Swarm Services & Tasks

Updated June 2026 15 min read Advanced

Services and tasks are the core concepts for running applications in Docker Swarm. This guide covers replicated vs global services, scaling, rolling updates, health checks, service discovery, and task management.

Replicated Services Global Services Rolling Updates Health Checks

What are Services and Tasks?

In Docker Swarm, a service is the definition of how you want your application to run. It specifies the container image, number of replicas, ports, networks, and update policies. Think of a service as the "desired state" declaration.

A task is a single running container that belongs to a service. Swarm creates and manages tasks to meet the desired state defined in the service. For a service with 3 replicas, Swarm creates 3 tasks (containers) across the cluster. Tasks are scheduled on worker nodes and are automatically restarted if they fail.


    Service: web (desired replicas: 3)
    ┌─────────────────────────────────────────┐
    │  Task 1 (Node 1)  │  Task 2 (Node 2)   │  Task 3 (Node 3)
    │  Container: web    │  Container: web    │  Container: web
    │  Status: Running   │  Status: Running   │  Status: Running
    └─────────────────────────────────────────┘

Swarm constantly monitors your service's desired state. If a task crashes, Swarm automatically creates a new one to maintain the replica count. This is called self-healing.
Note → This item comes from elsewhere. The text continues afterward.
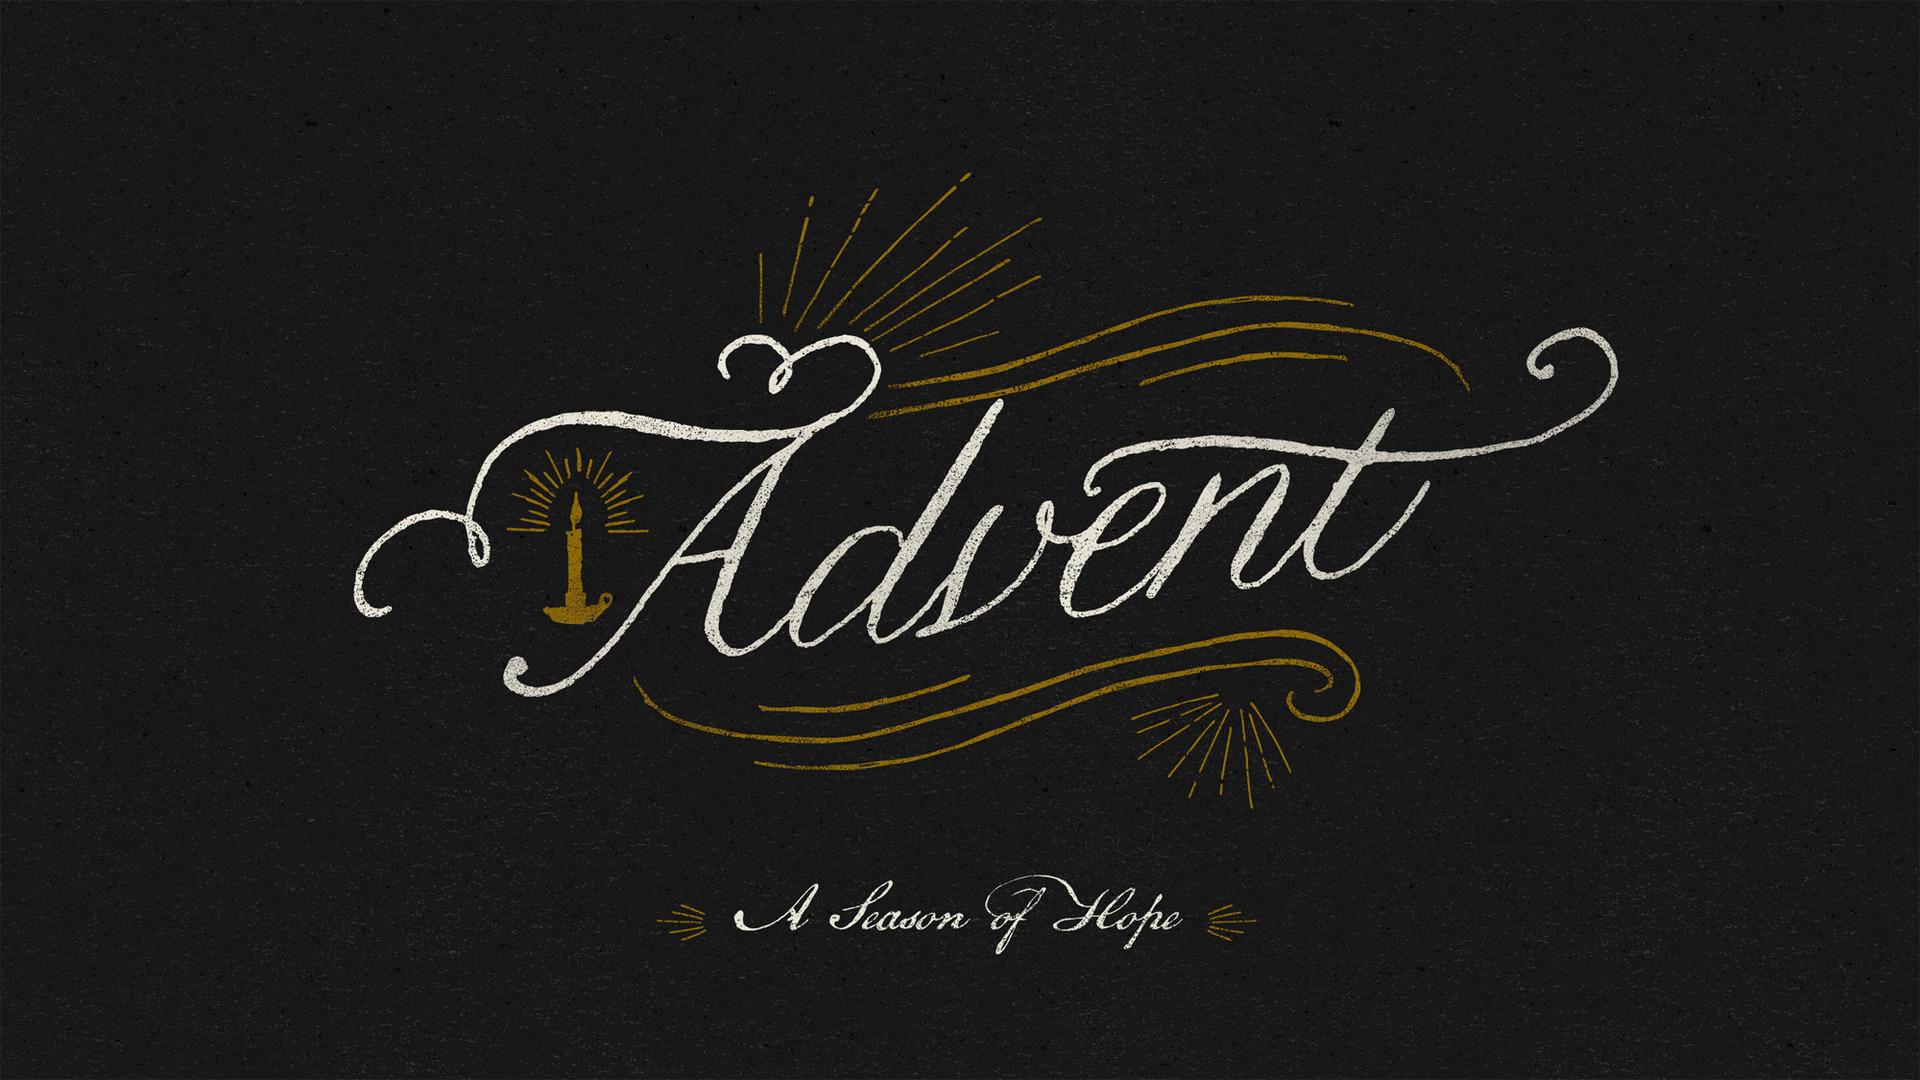 advent-title-1-still-16x9.jpg

Creating Services: The Basics

                # Simple service with 1 replica
docker service create --name web nginx

# Service with 3 replicas and published port
docker service create --name web --replicas 3 -p 80:80 nginx

# Service with custom command
docker service create --name worker --replicas 5 alpine ping 8.8.8.8

# Service with environment variables
docker service create --name api \
  --replicas 2 \
  -e NODE_ENV=production \
  -e DATABASE_URL=postgres://db:5432 \
  myapi:latest

# Service with resource limits
docker service create --name app \
  --replicas 3 \
  --limit-cpu 0.5 \
  --limit-memory 512M \
  --reserve-cpu 0.25 \
  --reserve-memory 256M \
  myapp:latest
            

Service Types: Replicated vs Global

Feature	Replicated Service	Global Service
Purpose	Scale application horizontally	Run on every node
Number of tasks	Fixed number (replicas)	One per node (auto-scales with cluster)
Use cases	Web servers, APIs, databases	Monitoring agents, log collectors, network plugins
Scaling	Manual or automatic (external)	Automatic when nodes added/removed
Placement constraints	Optional	Constraints control which nodes run the service

                # Replicated service (default) - 5 instances
docker service create --name web --replicas 5 nginx

# Global service - one instance on every node
docker service create --name node-exporter --mode global prom/node-exporter

# Global service with constraints (only on manager nodes)
docker service create --name manager-agent \
  --mode global \
  --constraint node.role==manager \
  myagent:latest
            

Scaling Services Up and Down

                # Scale to 10 replicas
docker service scale web=10

# Scale down to 3 replicas
docker service scale web=3

# Update replicas during service update
docker service update --replicas 8 web

# Get current replica count
docker service ls
docker service inspect web --format '{{.Spec.Mode.Replicated.Replicas}}'

# Scale with rolling update (scaling doesn't cause downtime)
docker service update --replicas 15 --update-parallelism 2 web
            

Scaling is instant and doesn't require container restarts. Swarm starts new tasks and distributes them across available nodes. The load balancer automatically includes new tasks.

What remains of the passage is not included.